Through aligning with the ALC philosophical roots, ALFs commit to trust-building, caring without controlling, and contributing to a culture of generosity…practices that shape how we show up in our relationships. Since how we communicate also impacts the nature and health of our relationships, many ALF trainings include sessions about how we talk and how we listen. ALFs will have different favorite resources and guiding reflective questions. Some of mine are on the Favorite Resources page of this blog.
7.  What is the agreement about money?
Money! It’s not the only form of wealth or the form we necessarily care most about. It’s also necessary so our ALFs can eat, pay rent, and keep sharing support with folks whose doors are too far away for us to go knock on.
ALC members are expected to contribute funds annually to keep the shared resources we use to cohere the network online and updated. Most of our resources are open-source under the Creative Commons license that asks folks not to use our work for personal profit, to share as we share, and to give attribution where due.
When we find ourselves with enough money to cover our expenses reliably, we’ll need to convene a work group to decide how to manage what’s left. It’ll be fun…but we’re not there yet.
At the moment, Tomis and I are the people watching our finances, which are managed through our 501c3 nonprofit. You can ask us for information and updates at any time.
8.  What is the agreement about the decision taken by the board?
Since ALFs are the network, we make decisions about our agreements, processes, and culture. We used to tackle big questions all together at retreat weekends, summer gatherings, and monthly calls. We also have encouraged those feeling inspired to take on the role of coherence holder for whatever project they care about and invite others to join them in forming a ‘work group.’ We’ve had work groups form to create reports, survey ALFs, and plan retreats. Our last working group ran through spring 2017, and it was open to those invested in defining-the-network kinds of questions. It fizzled out when folks schedules changed over the summer, though I host a monthly network-themed call to make sure there’s still an opening for folks who want to try to bring that work group back.
Aside from the network that is and acts, there is an organization–the ALC Network–that’s a nonprofit registered in North Carolina. Between its inception in 2014 and the start of its reset in 2017, the board of this nonprofit met a few times a year to check in on the health of the organization, make sure paperwork//roles were in order, and review finances.
The current board continues to honor the legal responsibilities of a nonprofit board, and we also have decided to give as generously as we can in the role of what I hear Quakers refer to as an ‘Oversight Committee.’ When the ALFs previously tending the network ecosystem flagged in the fall of 2016 that our culture was in need of a reset and our practices needed to be realigned with our principles, Mercer and I committed to join whoever from that original crew was ready to work on this project with us and start what would clearly be a rather involved and challenging process. By the end of 2017, the folks coherence holding for the reset were also the folks remaining on the Network board: Tomis, Mercer, and me.
The role and composition of the board is set to change through the next few months, but legally a board is responsible for ensuring the actions of an organization are aligned with its mission and making decisions that prioritize the well being of the organization.
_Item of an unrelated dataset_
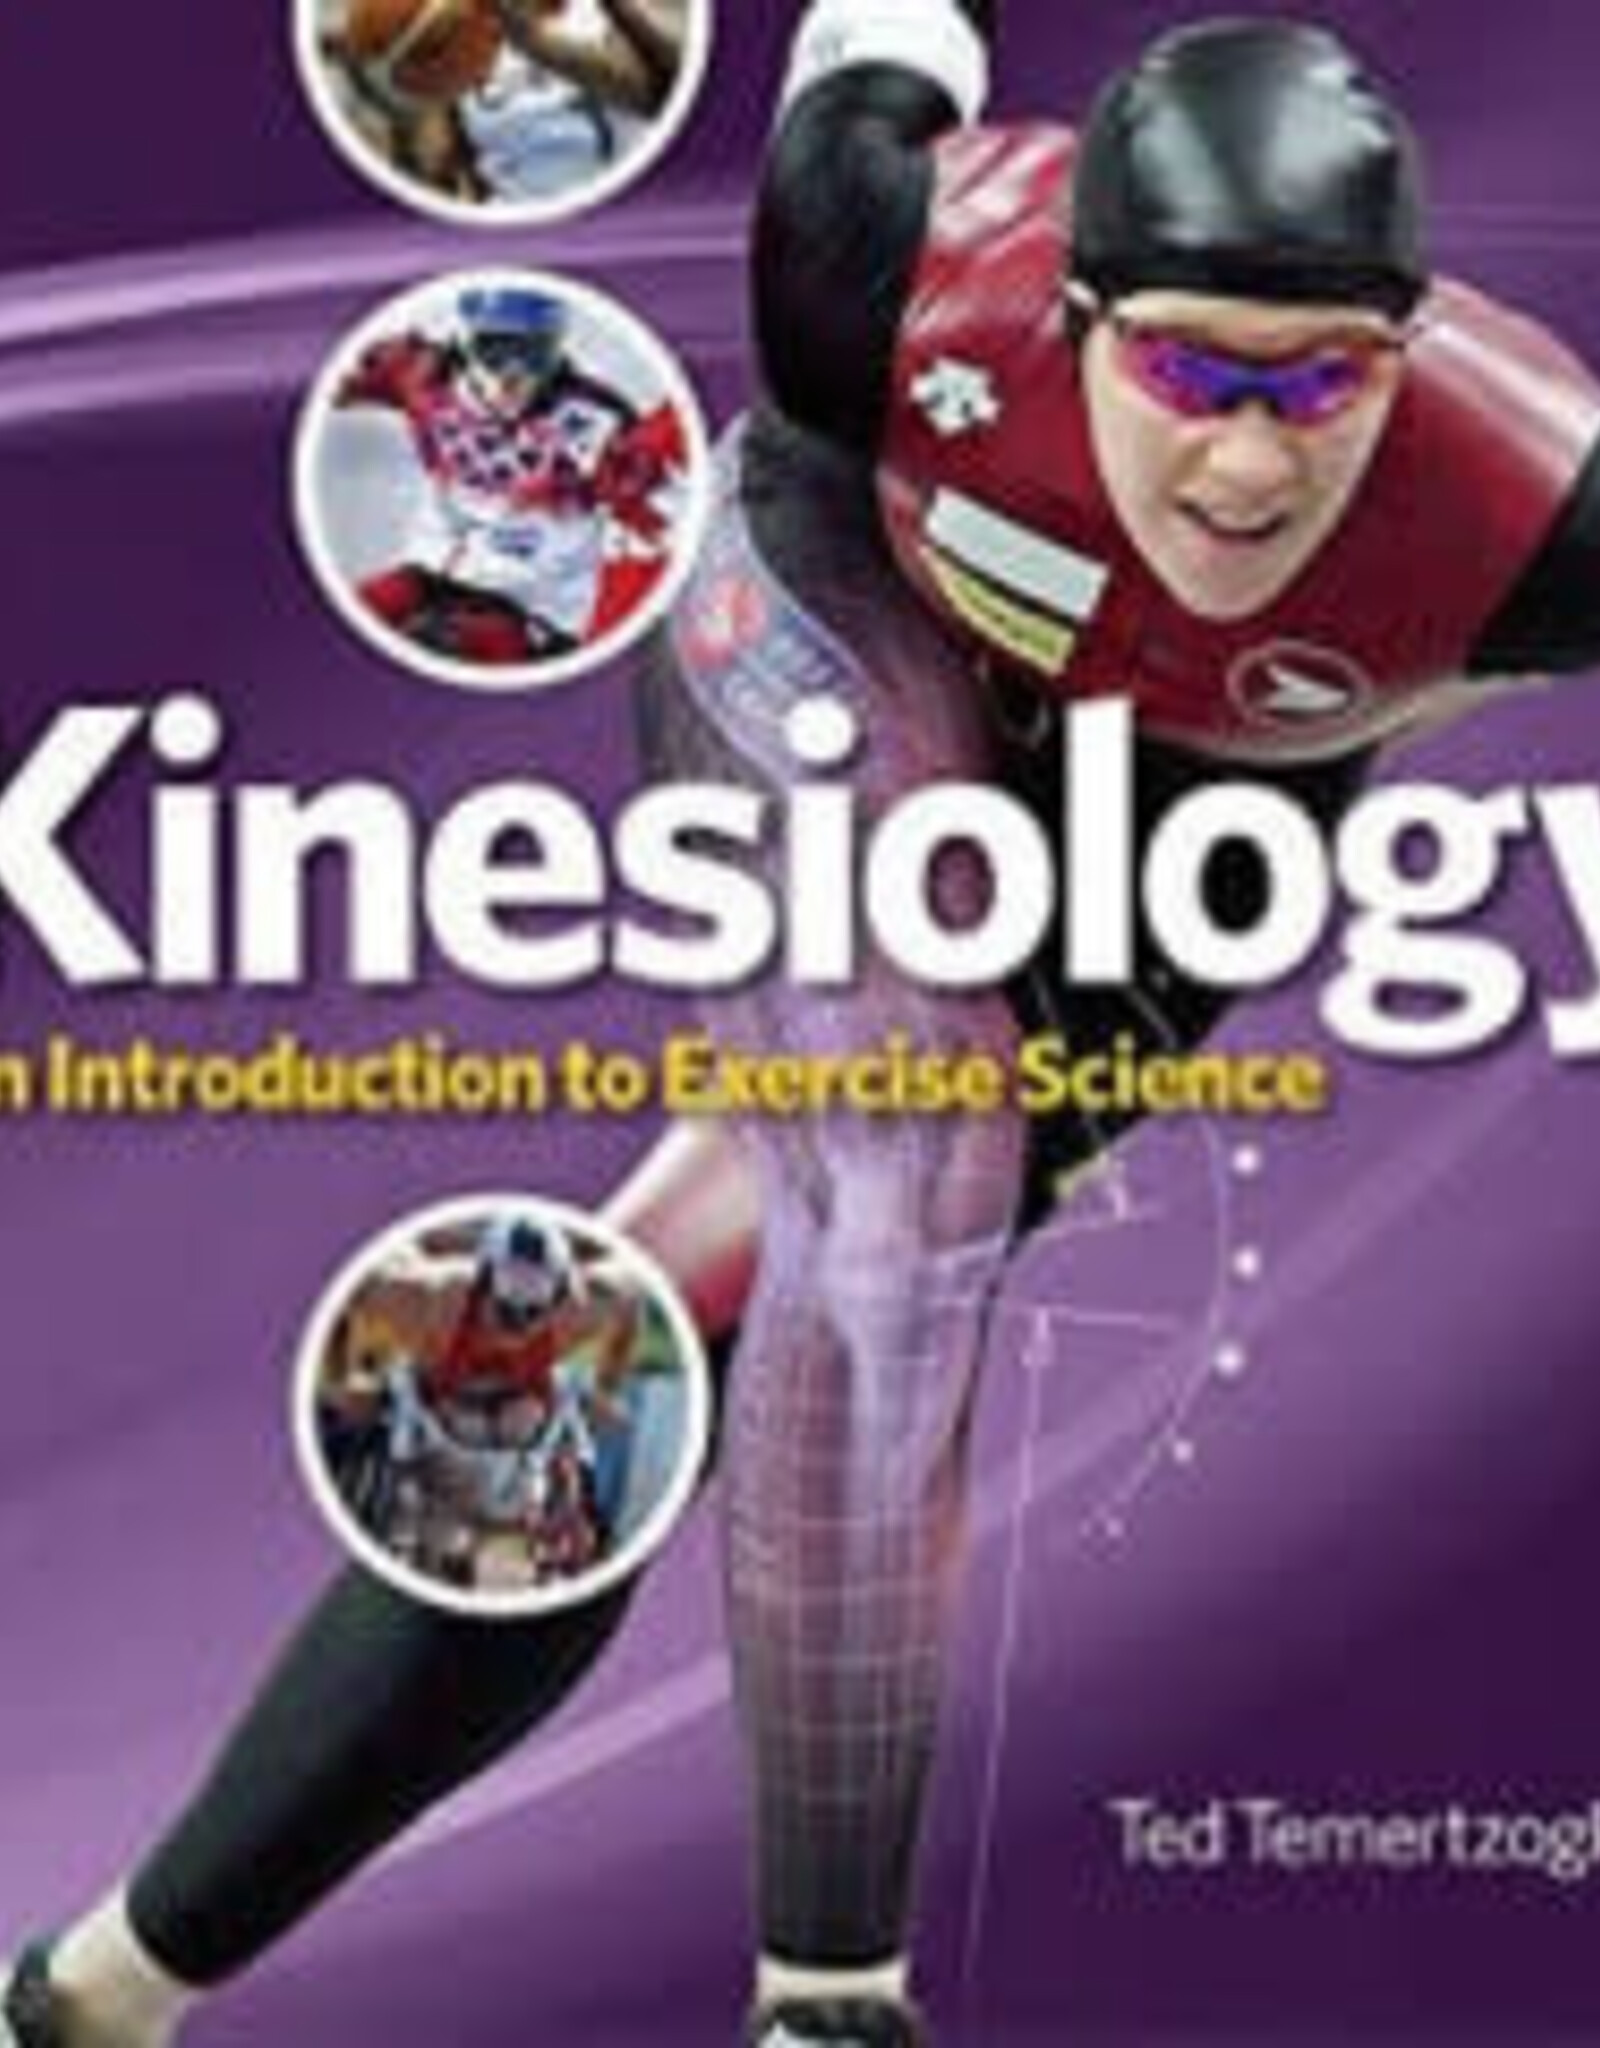 Kinesiology - Etext
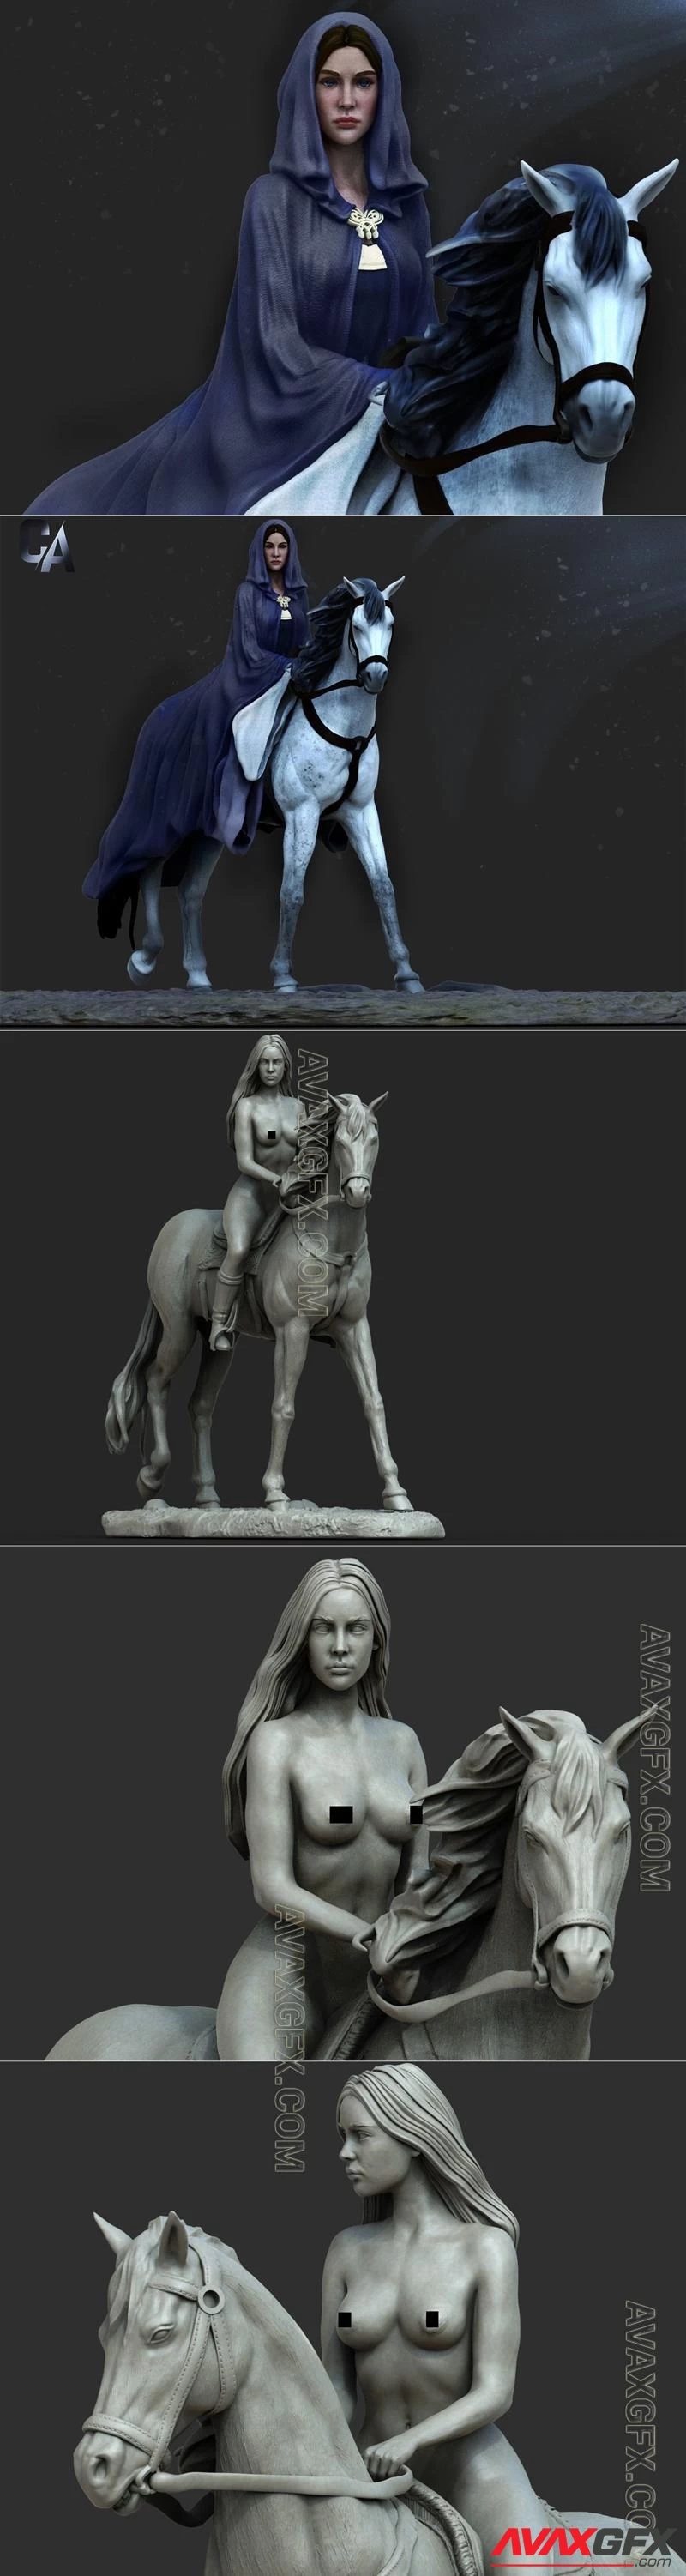 Ca 3d Studios - Arwen statue on horse Standart and NSFW Version

So while we practice–and are committed to practicing–decisions being made by and for ALFs, technically the board has the power (and responsibility) to block decisions that would endanger the organization or put us out of integrity with our mission.
9.  What is the agreement about drive documents?
Drive is one of our communication tools! Follow the communication agreements outlined above (or updated ones, as those become available).
Access to drive is granted to member ALCs, with the expectation that they will be responsible about who they add/remove from their communities. Most work is licensed through Creative Commons. Please use shared resources mindfully and contribute to them generously.
10.  Who can be called ALF?
Who indeed…At the first ALF Summer gathering, we came up with a system of levels, the requirements of which were outlined in rubrics, which aspiring and practicing ALFs moved through using a series of forms and peer reviews. We were trying to accomplish many goals with one tool: give people guides for self reflection, set a norm of groups entitling each other based on their experiences of each other, clarify the expectations attached to different roles, protect the meaning of the title ALF through some kind of check system, and generate documentation so we could check who our ALFs were.
The rubric we made for basic “Am I an ALF?” peer reviews is still relevant as a tool for supporting ALF self-reflection and for communities or workshop groups practicing Peer Reviews. It’s here: ALF Personal & Peer Review – PeerReviewForm
But, to borrow Ryan’s words, there was never going to be just one path to becoming an ALF. Not if we were truly dedicated to open-source sharing and empowering communities to grow ALCs adapted to their contexts. At our East Harlem flagship, we relate to facilitation as a practice. You know you’re a facilitator when you catch yourself facilitating and others relating to you as an ALF. More interesting for me than locating the moment one “becomes” a facilitator (or an artist or equestrian or a reader or or or) is the journey that unfolds from that point on. When we talk about our past and future selves, we sometimes talk about my “baby ALF” days or about Mel “levelling up.” We were just joking last week about the “next level” NYC ALF skills of knowing where there are restrooms along a field trip route and what to have in your bag when taking groups of kids on the subway…which probably are not ALF skills at all for folks most other places 😉 We give regular attention to our personal and team facilitator-ing, checking our well-being and looking for ways to better support each other’s growth. We can all confidently identify as ALFs at this point, trusting our depth of experience and knowing our community would gladly vouch for us, and we’re on to that fun game of “Oh! You’re an ALF, too? What kind? Where are you at in your journey?” from a place of sincere curiosity and commitment to replicating in network relationships the care and support we practice here with each other.
Checking in about this blog post (I loop our crew here in on almost all of my network business, and I’m so grateful to trust their thoughtful feedback and suggestions even when our here-at-home business is already a lot), we talked about how our practice, sharing, and helping grow new ALFs gives the world modeling that we hope will both help people answer this question and develop folks’ ability to sense when someone calling themself an ALF is out of integrity in doing so. Rather than stress about what a few million strangers may choose to call themselves and how to control that, we’re focused on offering illustrations of the role that set root/principle-aligned expectations and inspire desire to come play at our level. Which you should; it’s a delightful, infinite game.
Feeling inspired to organize an ALF call to update the CMB? To craft our ALF agreements into a mini manifesto of sorts to put at the top of our ALF webpage? To gather a work group to upgrade our new-member-onboarding-process?
Do it! Message me if there’s any way I can support you <3
 

ALF Resource: Intergenerational Trauma

After reflecting a bit on how I’ve been voraciously consuming nonfiction without pausing to share out my learning–waiting, I think, to see the whole tapestry it’ll become once I weave the pieces together–I’ve decided to push myself to share my draft-y notes. Here’s the first attempt:

The other night, I got home and decided to Google around for a resource or two on working with Intergenerational Trauma. Sometimes I relate to facilitation as a mix of midwifery and healing work…and then I end up looking for frameworks that can inform my practice and help me better serve my relationships.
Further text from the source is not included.